Hilton Garden Inn also is in the early stages of development on a new premium room type that will command higher rates, Nogal revealed. “The premium room options will help you take advantage of upsell opportunities, grow your mix of business, and also attract new business to your hotel,” he said.
Executives declined to elaborate on what the room might look like, but Adrian Kurre, global head of Hilton Garden Inn, told a group of journalists, “It’s not about a fluffier bed or nicer pillows, it’s about giving guests the choice and control of the experience they have in their room.”

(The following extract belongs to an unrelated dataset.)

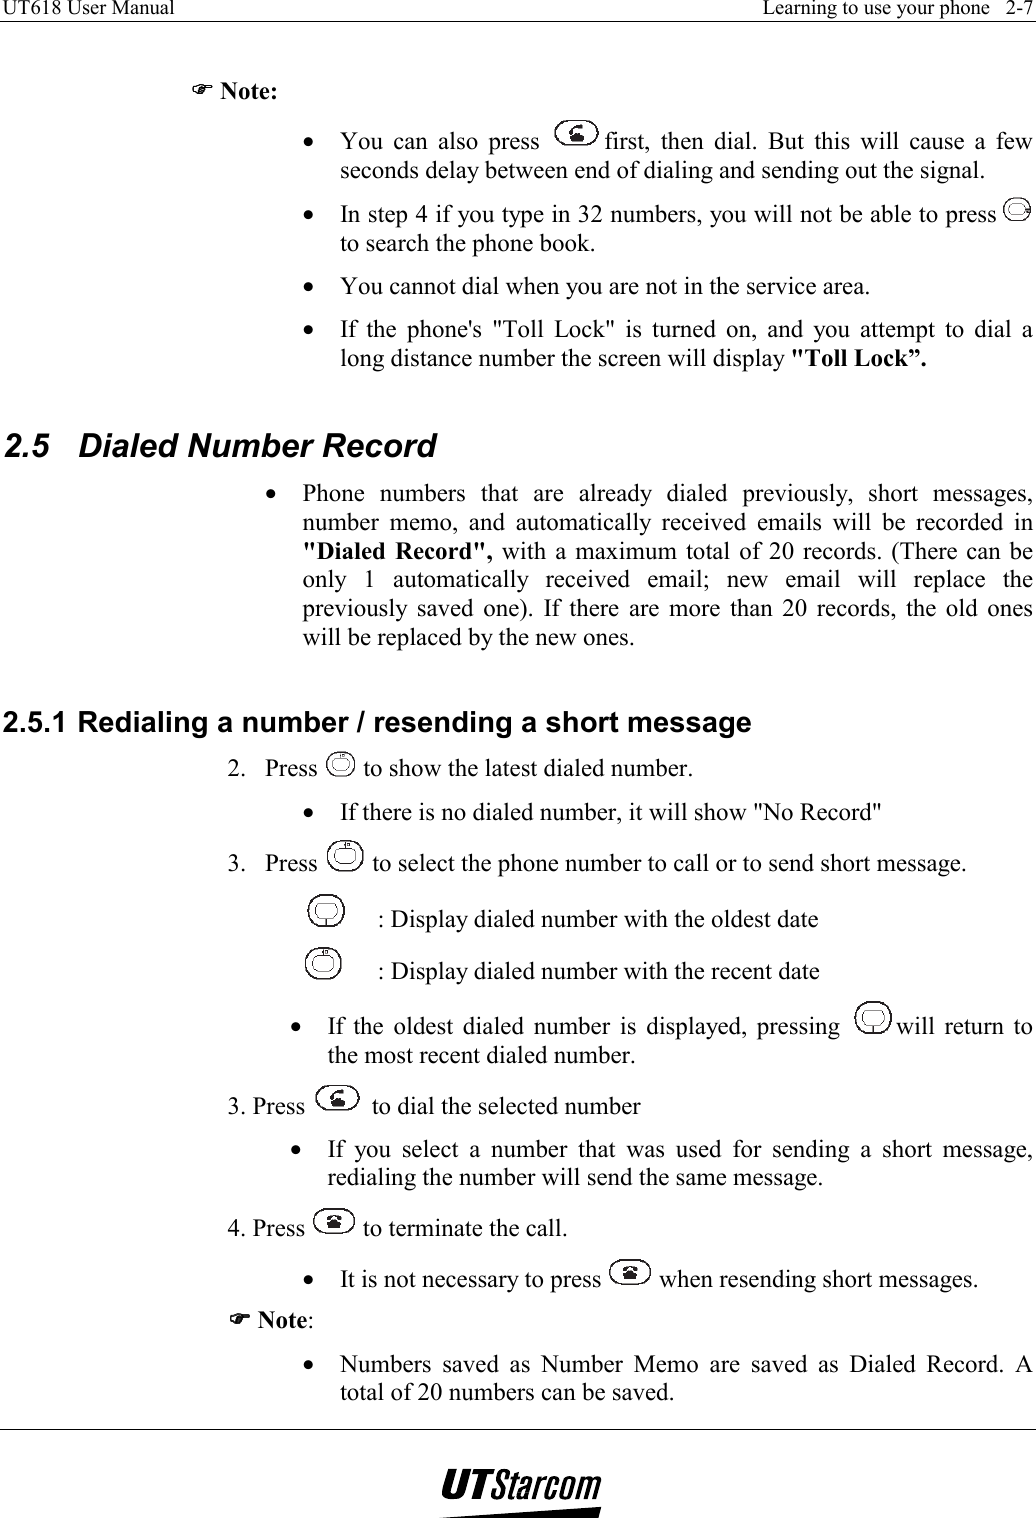 UT618 User Manual    Learning to use your phone   2-7    )))) Note: •  You can also press  first, then dial. But this will cause a few seconds delay between end of dialing and sending out the signal. •  In step 4 if you type in 32 numbers, you will not be able to press   to search the phone book. •  You cannot dial when you are not in the service area. •  If the phone&apos;s &quot;Toll Lock&quot; is turned on, and you attempt to dial a long distance number the screen will display &quot;Toll Lock”.  2.5  Dialed Number Record •  Phone numbers that are already dialed previously, short messages, number memo, and automatically received emails will be recorded in &quot;Dialed Record&quot;, with a maximum total of 20 records. (There can be only 1 automatically received email; new email will replace the previously saved one). If there are more than 20 records, the old ones will be replaced by the new ones.  2.5.1 Redialing a number / resending a short message 2. Press   to show the latest dialed number. •  If there is no dialed number, it will show &quot;No Record&quot; 3. Press   to select the phone number to call or to send short message.   : Display dialed number with the oldest date   : Display dialed number with the recent date •  If the oldest dialed number is displayed, pressing  will return to the most recent dialed number. 3. Press   to dial the selected number •  If you select a number that was used for sending a short message, redialing the number will send the same message. 4. Press   to terminate the call. •  It is not necessary to press   when resending short messages. )))) Note: •  Numbers saved as Number Memo are saved as Dialed Record. A total of 20 numbers can be saved.

To help hotels save money and increase profitability, the brand has been modifying its operating standards over the last two years. Through the “Show Me the Savings” initiative, in which 500-plus team members shared profitability-enhancing ideas, the brand uncovered more than $150,000 per hotel in potential operating savings. In North America, hotels are trending 170 basis points ahead in terms of gross operating profit, Willingham said.
“We can’t rest on our 2014 accomplishments,” he stressed. “It’s a new year, we have to take our success and build upon it. We have to take advantage of the upmarket that we’re in right now and ask for the rates we deserve.”
IMPROVING DIGITAL CHECK-IN
In addition to driving revenue, loyalty, and profitability, HGI is committed to improving the digital check-in experience. In December, Hilton Worldwide’s digital check-in and room selection technology went live across more than 4,100 hotels. This allows Hilton HHonors guests to check-in via desktop, mobile, and tablet devices, and to choose their exact room from digital floor plans. Guests who use this method receive an expedited check-in at the front desk and should not have to present their credit card, sign a registration card, or show ID (in the United States).
As with any major operational shift, the digital check-in experience is not yet consistent across all hotel properties. During a “Digital Lobby” breakout session at the conference, Hilton Worldwide team members shared eCheck-in best practices and addressed common concerns about potential fraud and misrepresentation, room key mix-ups, or an increase in charge back disputes.
The session also covered mobile key technology, which will allow guests to bypass the front desk entirely and unlock their hotel room doors with their smartphones. Straight-to-room will be available across the majority of Hilton’s rooms worldwide by the end of 2016. From there, the traditional function of front desk agents will need to evolve.
“In order to do this, we need to change from a transactional workforce to a personalized hospitality workforce. In that process, we have to win the hearts and minds of our team members, owners, and stakeholders so they understand where we’re going,” Kurre said. “And at the end of the day, we enrich the lives of everyone we come in contact with.”